# Miss use of donations



## tony pasley (May 6, 2006)

The American Cancer Society has started using money donated for research and to help those with cancer to run ads for gov't run health care. I have emailed that I will no longer donate to them because of this abuse of donated money.


----------



## john doe. (Aug 26, 2006)

That sucks! They need to stick to what they know. Do they really think it would be better under a socialist medical system? I think not.


----------



## Guest (Sep 21, 2007)

There are lots of organizations out ther who want your money.Some good,some not so good. Let em know how you feel.


----------



## Snowman (Jan 2, 2007)

Do you have a link for this? Not that I don't believe you, but I'd like to see for myself since this is a charity I've supported.

And you're right, government health care is a very bad thing.


----------



## zimman20 (Sep 4, 2007)

Here's a link to see how the charities you support (or are thinking of supporting) are rated in how they use donations:

http://www.charitywatch.org

HTH :smt023


----------



## Guest (Sep 21, 2007)

They are all over the TV in this part of the country and when I realized it was their ad I felt the same way.

I cancelled my AARP membership in 2004 when they all but endorsed Kerry. I sent them a nasty message and they said they didn't endorse political candidates. They had a list of about a dozen programs they supported and Kerry supported their position on each one and Bush didn't. I answered that I was born in the morning but not this morning cancel and refund.
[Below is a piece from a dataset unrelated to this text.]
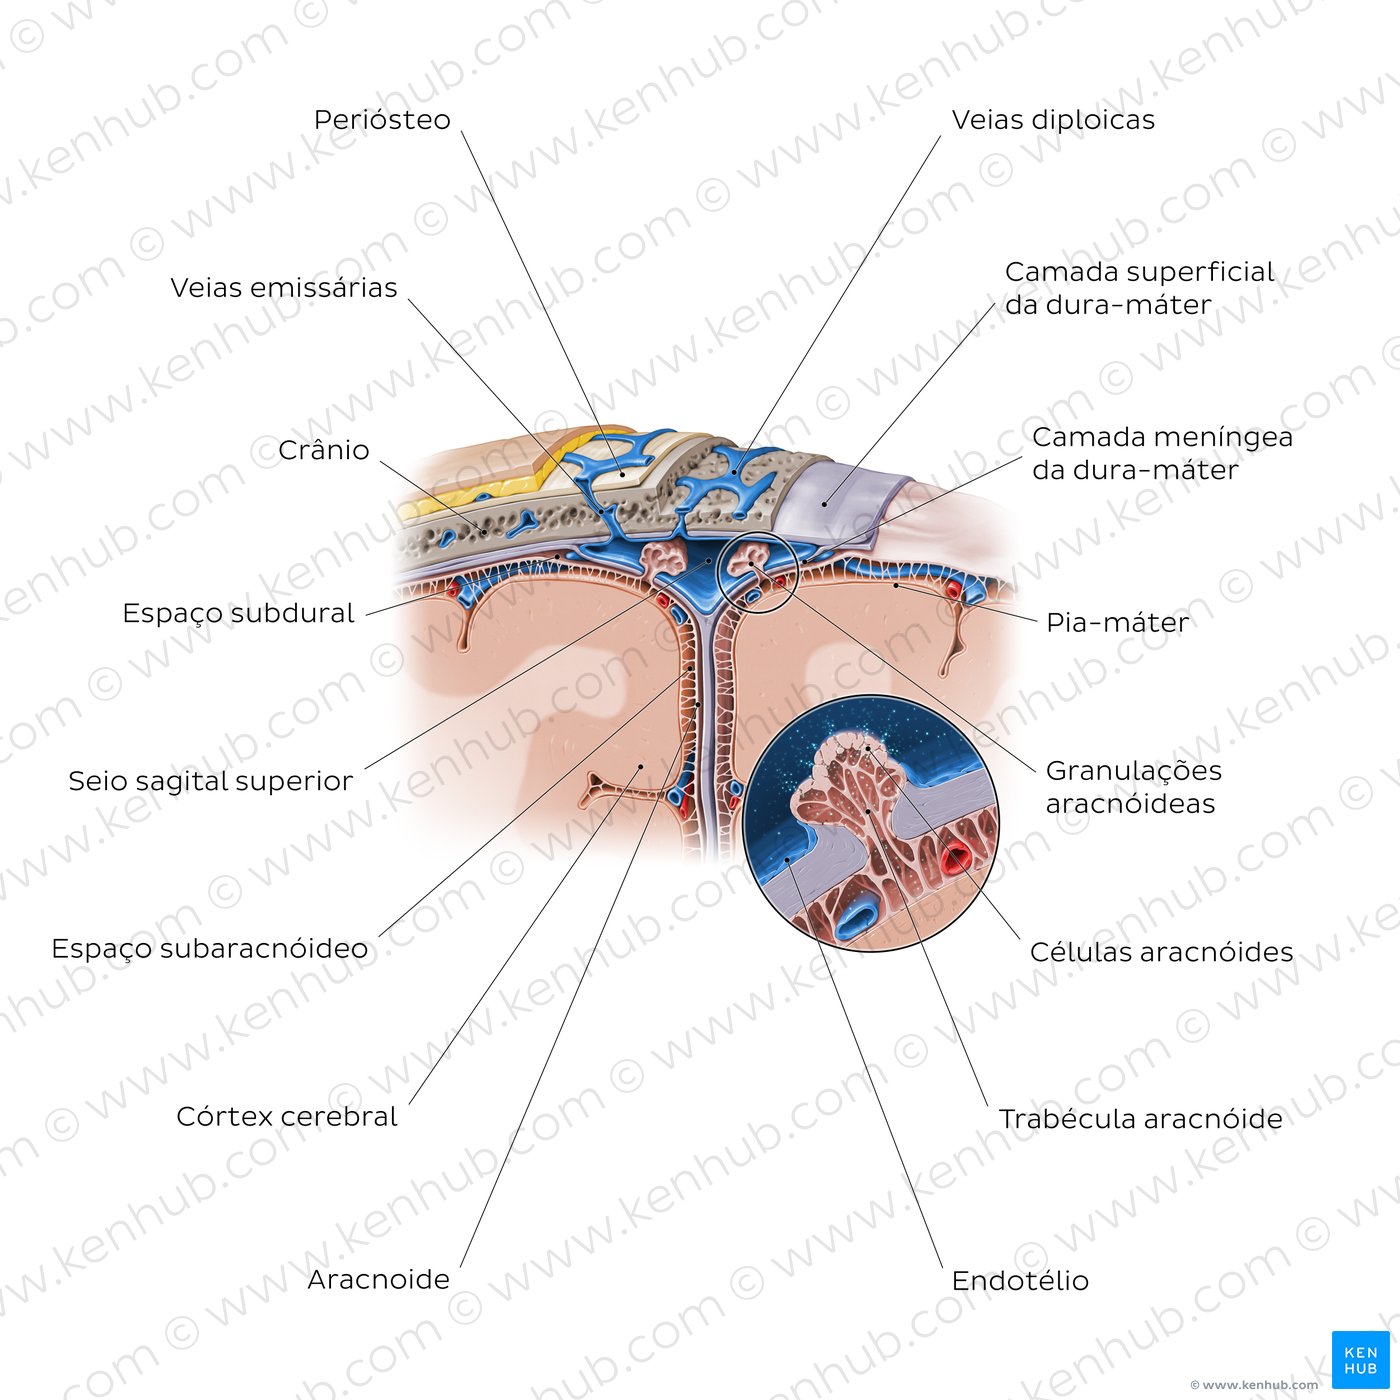 Diagrama das meninges cerebrais

Speaking of health care have you noticed the Hillary blitz about it now that the Norman Hsu's illegal campaign contributions have come to light. It's just so Clintoneske.


----------



## bruce333 (Sep 1, 2006)

If a charity is small and local I'll donate to them. If it's big and national they don't get a dime. The bigger a charity the less money goes to the cause and the more it goes to overhead. I'd also like my money to stay in the community I live in to help my neighbors, coworkers, friends, etc..


----------



## tony pasley (May 6, 2006)

Snowman said:


> Do you have a link for this? Not that I don't believe you, but I'd like to see for myself since this is a charity I've supported.
> 
> And you're right, government health care is a very bad thing.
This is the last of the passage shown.